As you may expect, `airflow-dbt-python` abstracts the complexity of handling CLI arguments by defining an operator for each `dbt` subcommand, and having each operator be defined with attribute for each possible CLI argument.
## An alternative to `airflow-dbt` that works without the dbt CLI
The existing [`airflow-dbt`](https://pypi.org/project/airflow-dbt/) package, by default, would not work if the `dbt` CLI is not in PATH, which means it would not be usable in MWAA. There is a workaround via the `dbt_bin` argument, which can be set to `"python -c 'from dbt.main import main; main()' run"`, in similar fashion as the `BashOperator` example. Yet this approach is not without its limitations:
* `airflow-dbt` works by wrapping the `dbt` CLI, which makes our code dependent on the environment in which it runs.

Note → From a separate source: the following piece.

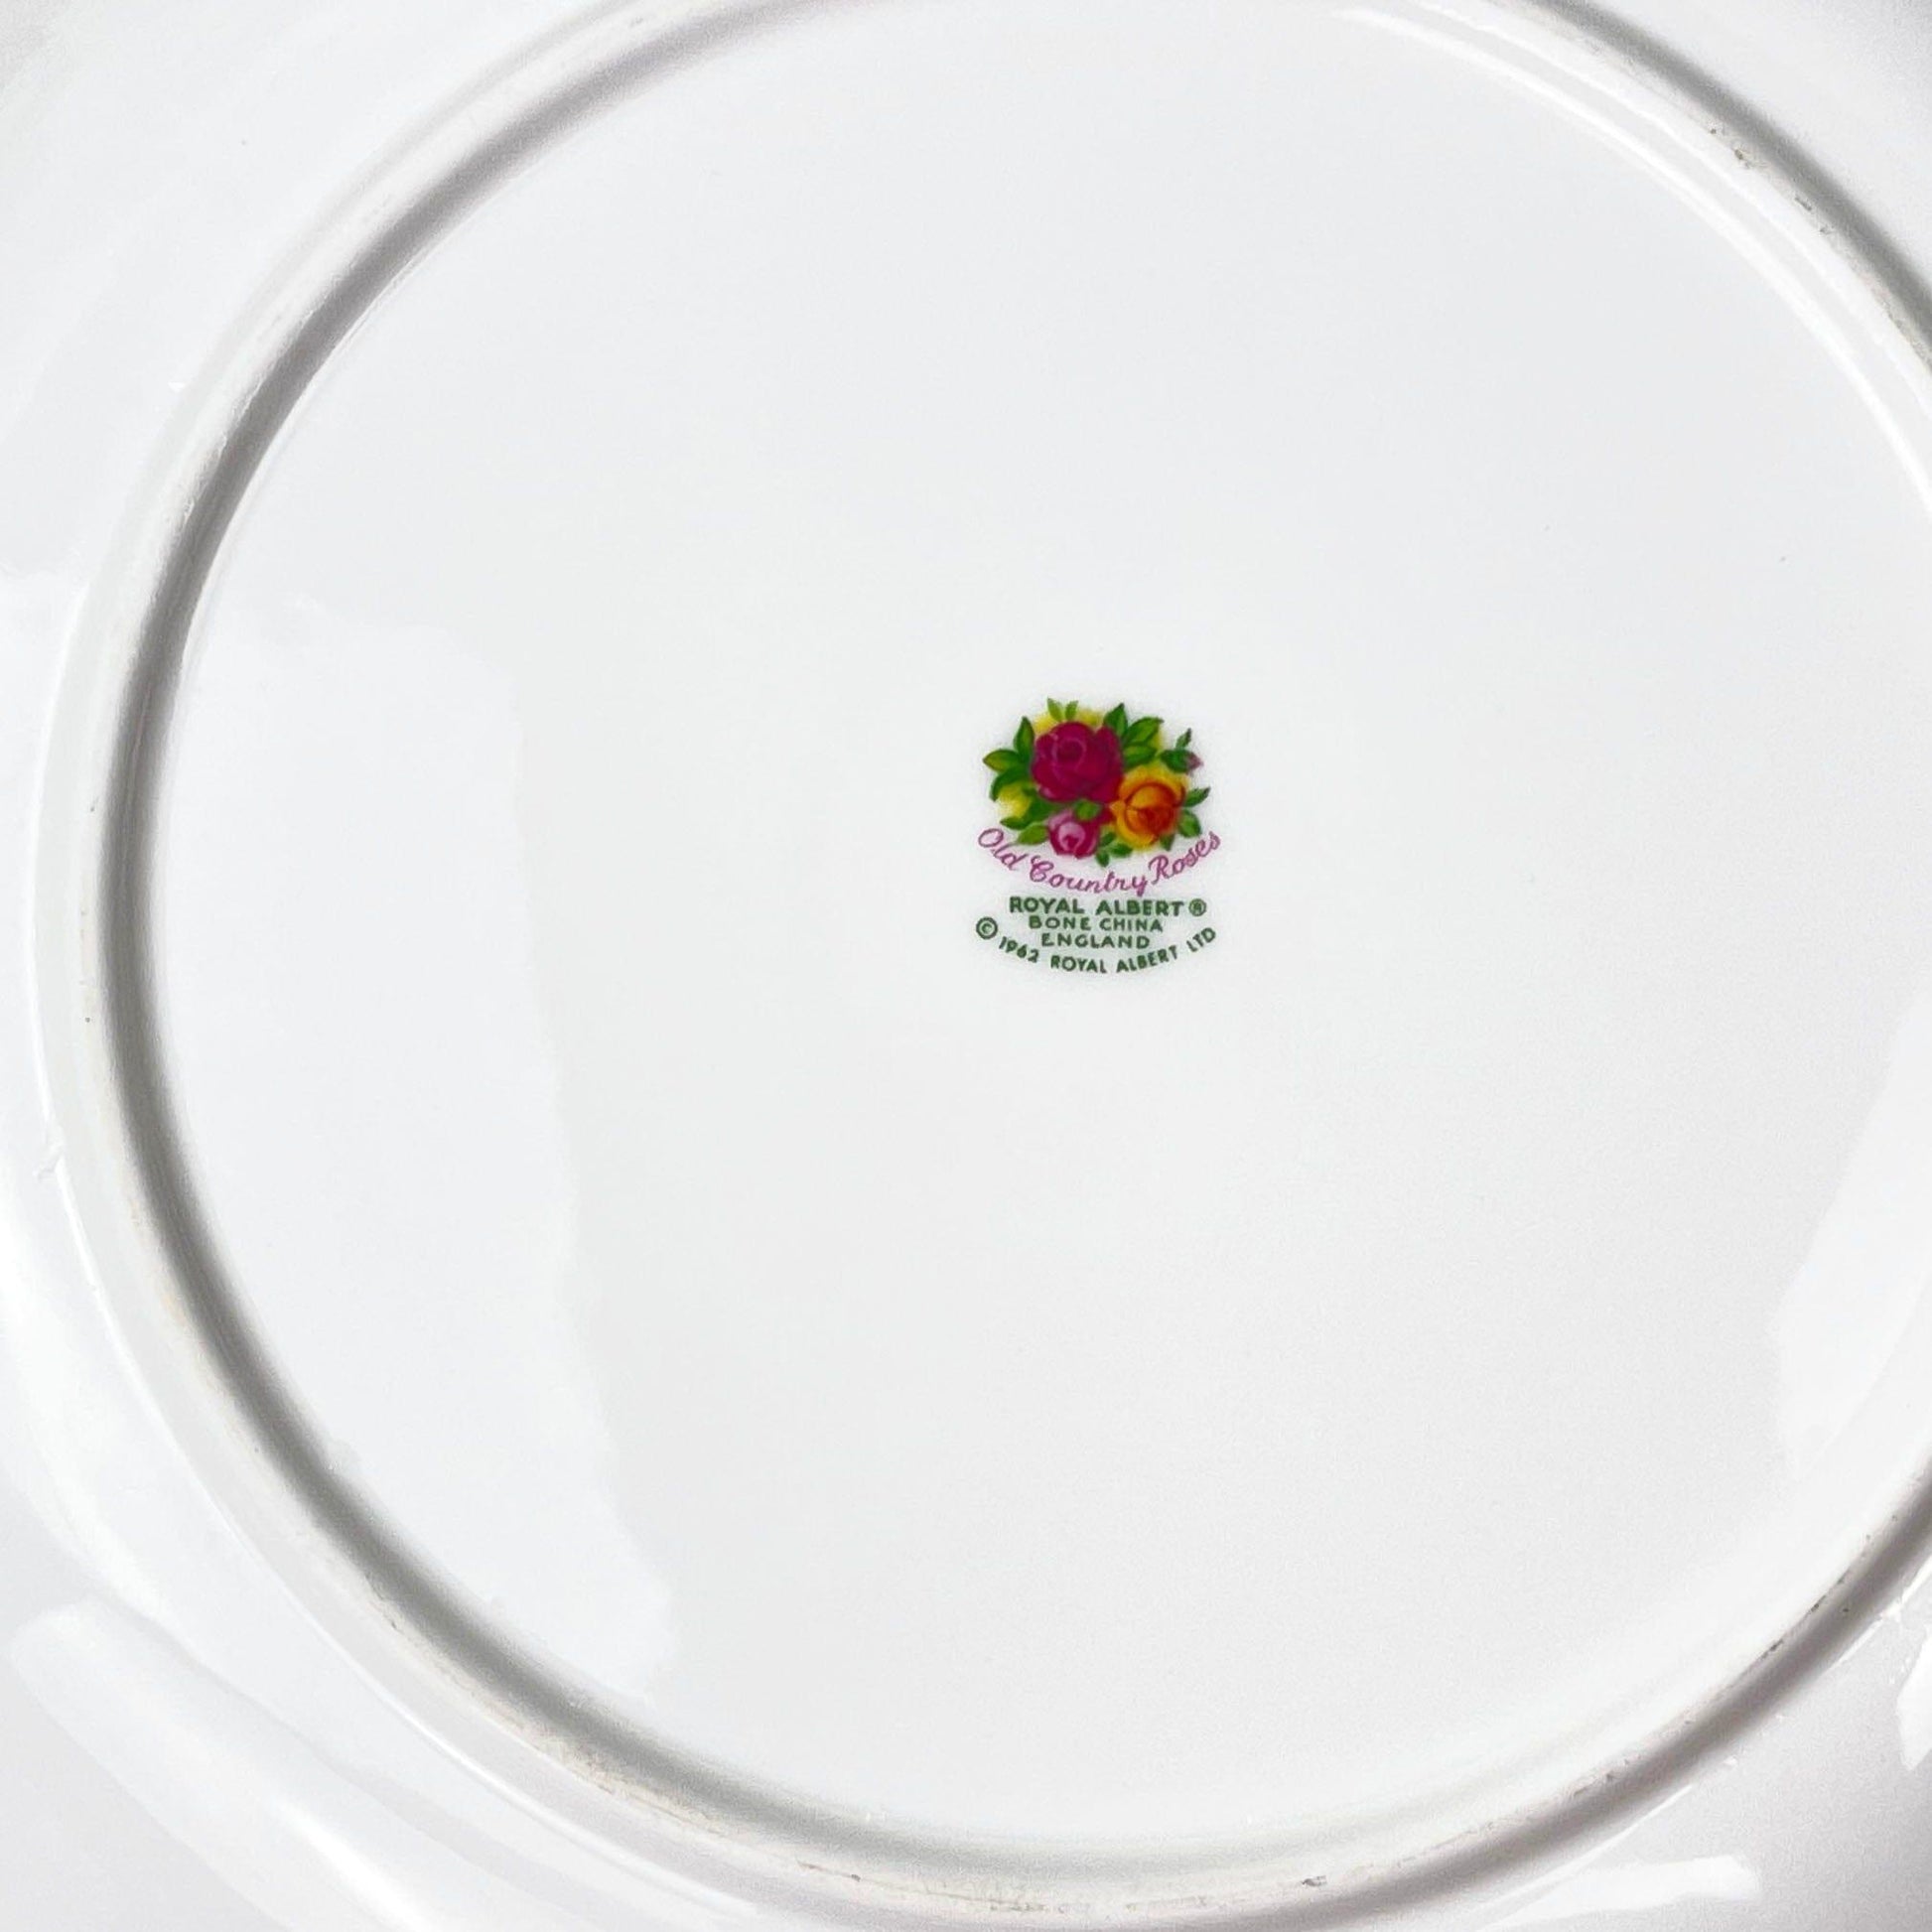 Royal Albert Old Country Roses Tabbed Cake Plate.

* `airflow-dbt` does not support the full range of arguments a command can take. For example, `DbtRunOperator` does not have an attribute for `fail_fast`.
* `airflow-dbt` does not return anything after the execution, which no information is available for downstream tasks to pull via [XCom](http://airflow.apache.org/docs/apache-airflow/2.1.0/concepts/xcoms.html). An even if it tried to, since it works by wrapping the CLI, it could only attempt to parse the lines printed by `dbt` to STDOUT. On the other hand, `airflow-dbt-python` will try to return the information of a `dbt` result class, as defined in `dbt.contracts.results`, which opens up possibilities for downstream tasks to condition their execution on the result of a `dbt` command.
## Avoid installing unnecessary dbt plugins
Finally, `airflow-dbt-python` does not depend on `dbt` but on `dbt-core`. The connectors: `dbt-redshift`, `dbt-postgres`, `dbt-snowflake`, and `dbt-bigquery` are available as installation extras instead of being bundled up by default, which happens when you attempt to install dbt via `python -m pip install dbt`.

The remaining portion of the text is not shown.